Parliamentary Tricks and Platform Teeth

 
jre, regarding Nolan saying the Pure Principles draft "has no teeth": I have an email from him saying "What you have proposed is basically an expanded, more detailed version of the Statement of Principles."  I also have a recording of him saying the Pure Principles draft is
DN) very vague and avoids committing us to specific positions [on issues like] Iraq, the drug war, the police state, the economy [and] everything from the right to keep and bear arms to our opposition to reinstituting the draft to our opposition to wage and price controls etc. (DN
The problem with his seven claims is that six of them are just flat wrong, as I document at http://libertarianintelligence.com/2008/02/platform-committee-meets-friday.htmlOn the seventh, Iraq, the Pure Principles Platform says exactly what is said by the 2004 Platform that Nolan wants to restore: nothing. The word "Iraq" wasn't even in the 2004 Platform.
 
There were no "parliamentary tricks" used in Vegas to pass our draft.  No PlatCom member voted against recommending that the Denver delegates delete all 15 planks from the 2006 Platform.

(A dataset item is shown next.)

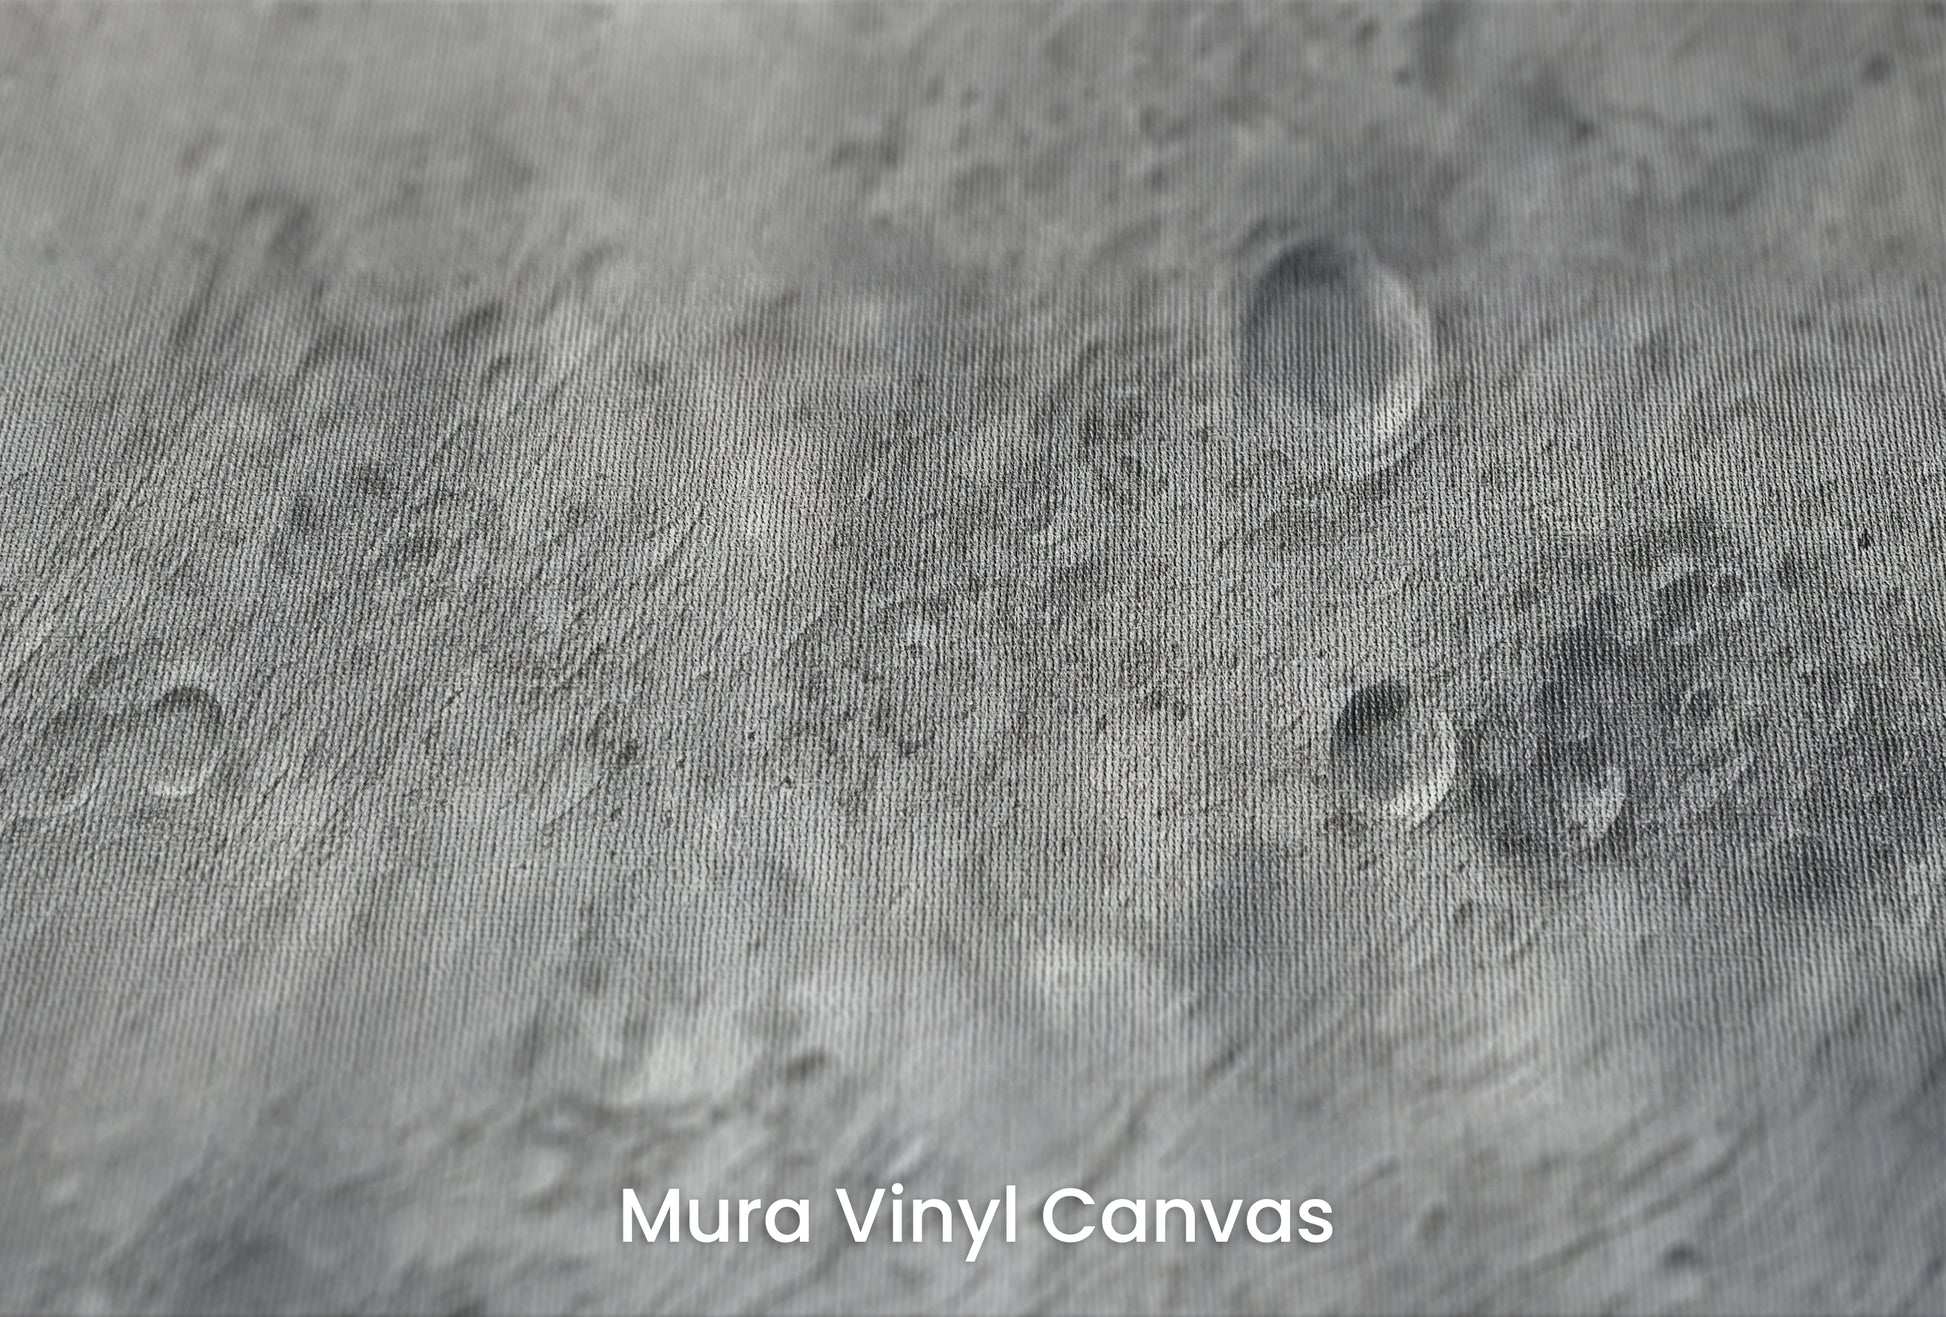 Zbliżenie na artystyczną fototapetę o nazwie Lunar Majesty na podłożu Mura Vinyl Canvas - faktura naturalnego płótna.

With a quorum varying between 13 and 15 members, only 6 of 30 recommendations attracted more than one nay for adoption, and only 3 of them more than two.  We had two more members who couldn't attend but who would have voted for our draft.  If there was a "parliamentary trick" in Vegas, it was the use of unlimited debating that made us need all of 21 hours over two days to adopt a draft that had largely already been written by a subcommittee.  We spent a disproportionate fraction of our time on a series of barely-seconded proposals that ended up being defeated N-2 or even N-1. 
 
We were painfully aware that the rules governing our committee did not allow us to set time limits on debate or even call the question.  The rules allow any member to indefinitely defer a vote by offering any kind of non-dilatory debate, and allow any two members to offer arbitrary number of non-duplicative amendments.  I have no problem with a minority wanting to get the committee on record as having considered competing proposals, but there's really nothing other than social sanction that can let a supermajority write its report if a minority is determined to be obstructionist. Alicia was scrupulous (nearly to a fault) in always asking if there was more debate whenever the debate paused. We didn't like those rules, but we followed them, because they are the rules this Party has chosen for us.
 
The design of the Platform rules seems to intend that a minority should make its case through 4-person minority reports, rather than through dilatory trench warfare against the majority's efforts to write its own report.  I'm not saying that delay is what was intended, or that ignoring the rules in order to seat the two alternates would have exacerbated these delays, but (from the perspective of the majority's Platform repair efforts) it surely wouldn't have helped.  If the majority has misjudged what sort of Platform repair the Denver delegates will prefer, then the proper time and place to determine that is when the majority's recommendations go head-to-head against any minority report(s).